X_train, X_val, y_train, y_val = train_test_split(X, y)

gbrt = GradientBoostingRegressor(max_depth=2, n_estimators=120)
gbrt.fit(X_train, y_train)

errors = [mean_squared_error(y_val, y_pred)
          for y_pred in gbrt.staged_predict(X_val)]
bst_n_estimators = np.argmin(errors) + 1

gbrt_best = GradientBoostingRegressor(max_depth=2,n_estimators=bst_n_estimators)
gbrt_best.fit(X_train, y_train)

In [24]:
gbrt = GradientBoostingRegressor(max_depth=2, warm_start=True)
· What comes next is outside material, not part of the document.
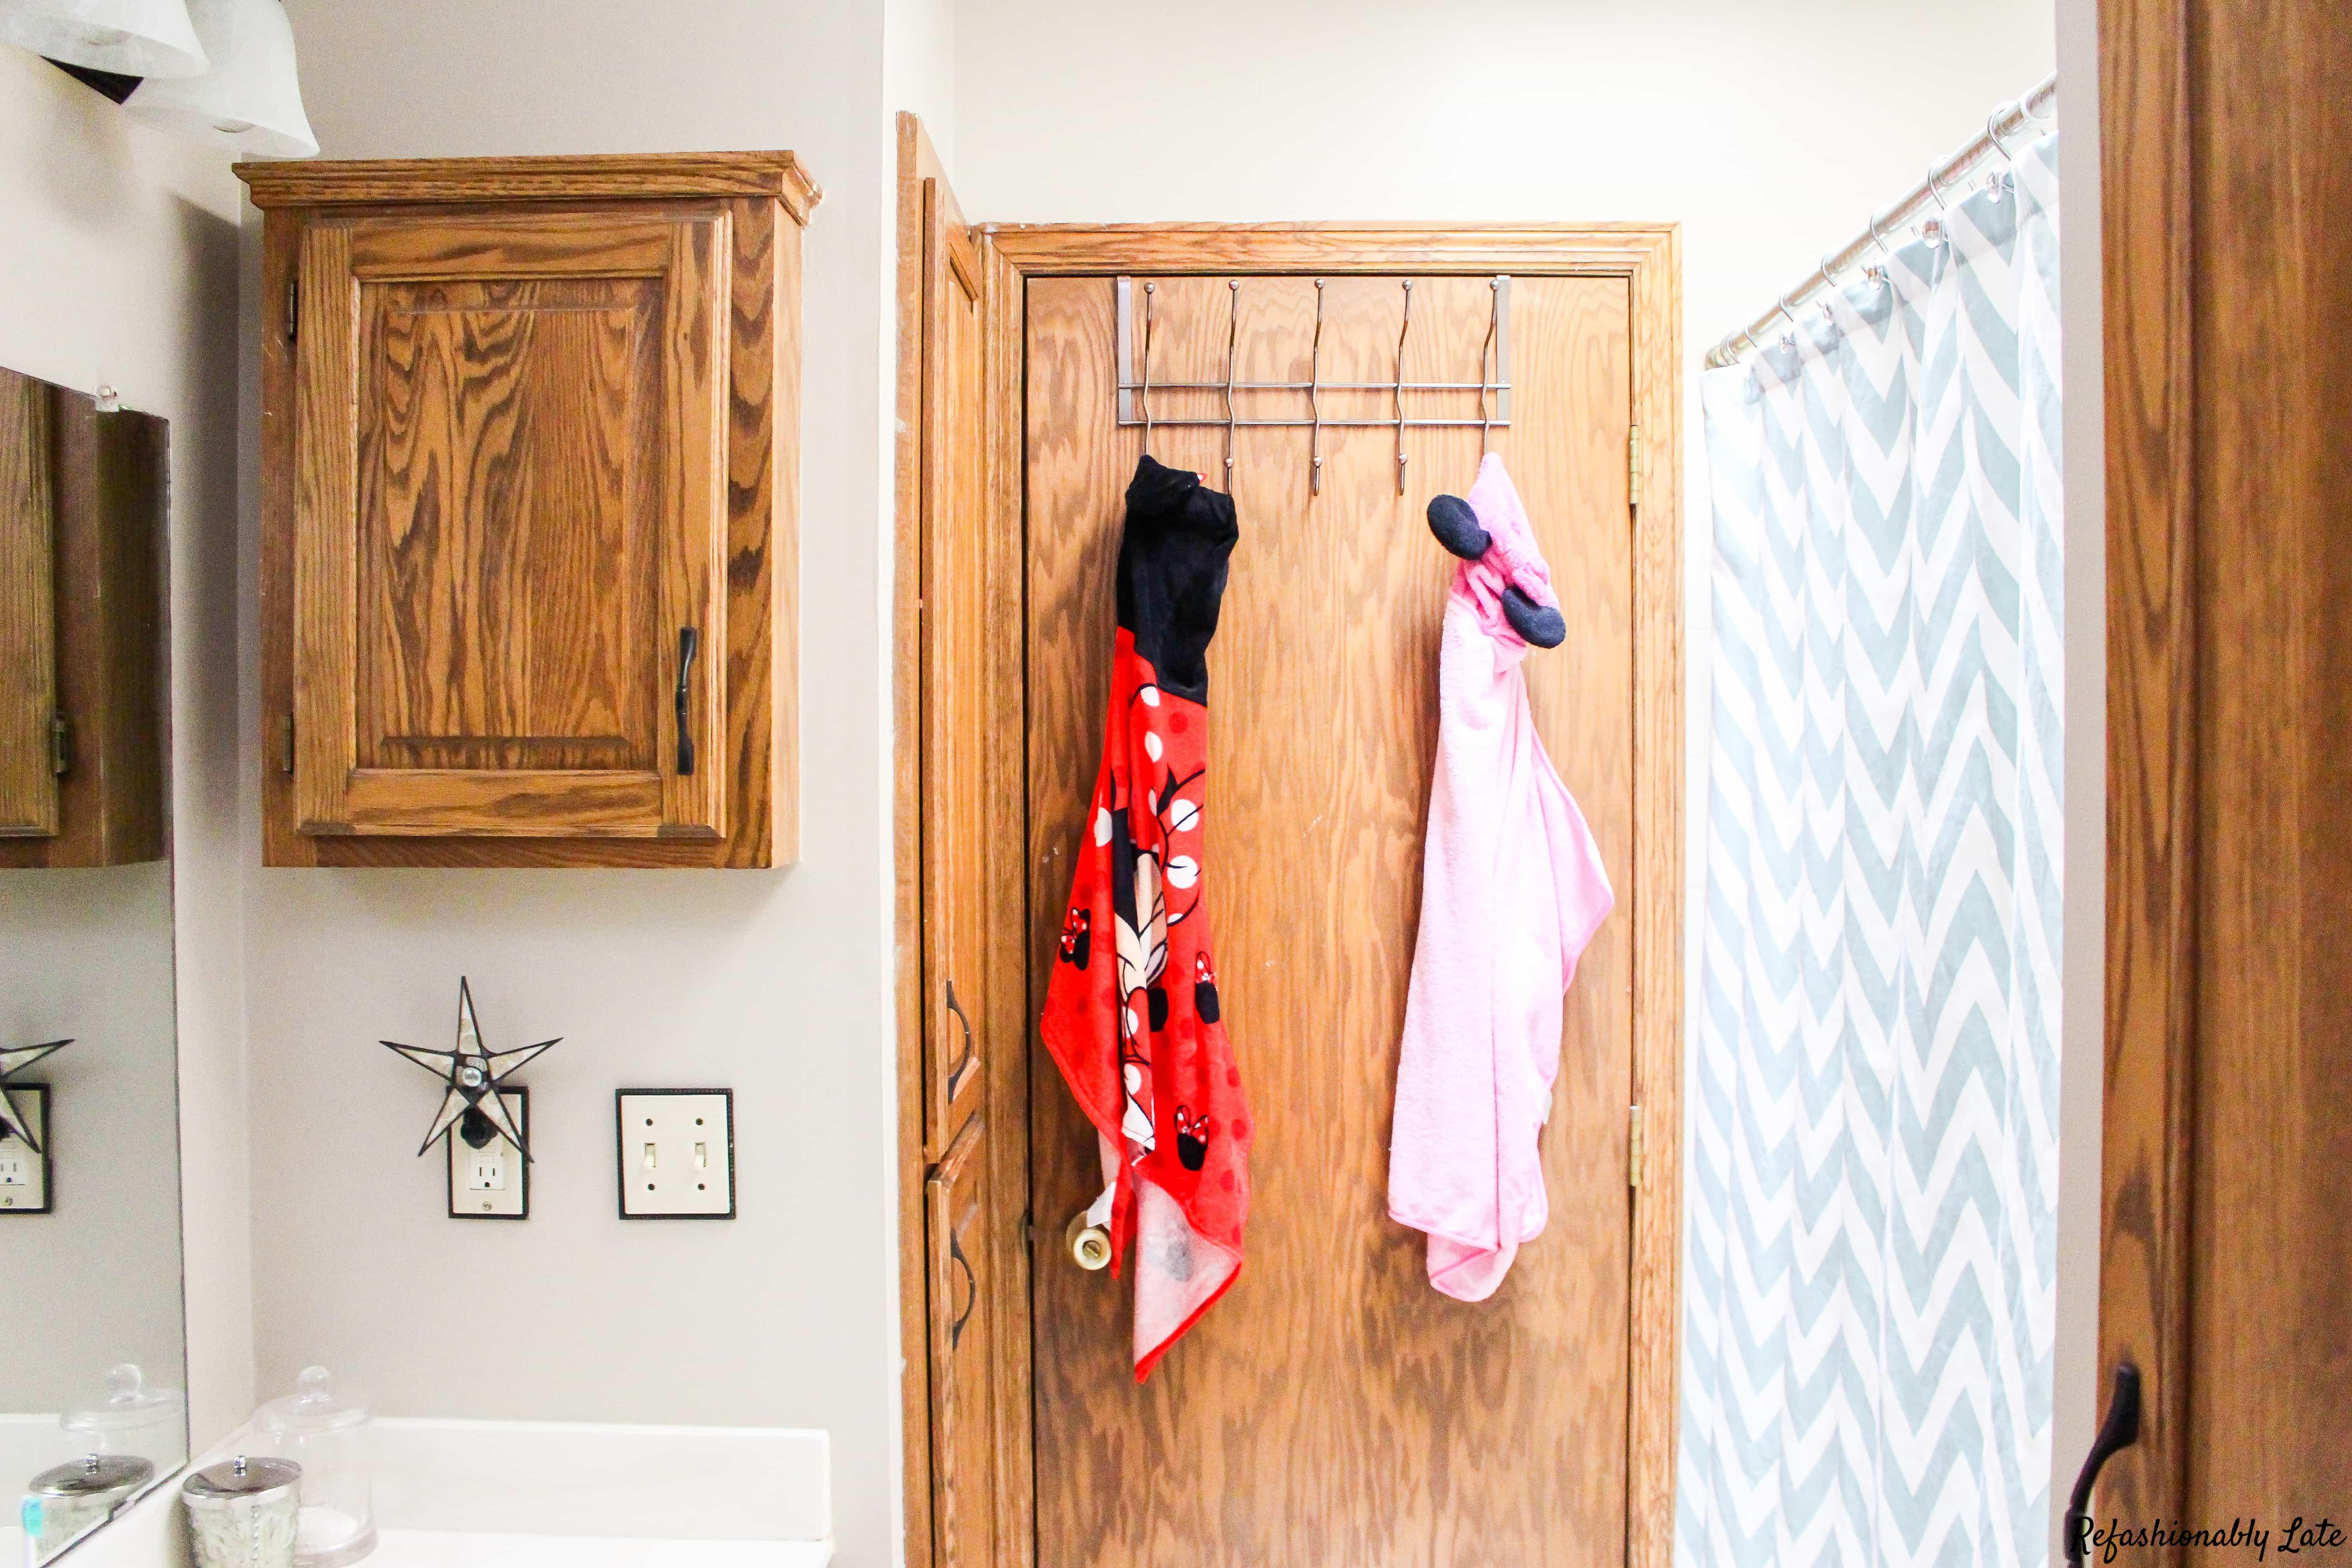 One Room Challenge Bathroom - Week 1 - www.refashionablylate.com

min_val_error = float("inf")
error_going_up = 0
for n_estimators in range(1, 120):
    gbrt.n_estimators = n_estimators
    gbrt.fit(X_train, y_train)
    y_pred = gbrt.predict(X_val)
    val_error = mean_squared_error(y_val, y_pred)
    if val_error < min_val_error:
        min_val_error = val_error
        error_going_up = 0
    else:
        error_going_up += 1
        if error_going_up == 5:
            break # early stopping

In [29]:
import xgboost

xgb_reg = xgboost.XGBRegressor()
xgb_reg.fit(X_train, y_train)

**Instability of Decision Trees**

Stacking trains a meta-model (blender) to combine the predictions of base models instead of using simple voting. Base models are trained first, their predictions are used as inputs, and the blender learns how to best combine them.
Although Scikit-Learn does not natively support stacking, the concept is widely used and can outperform traditional ensemble methods.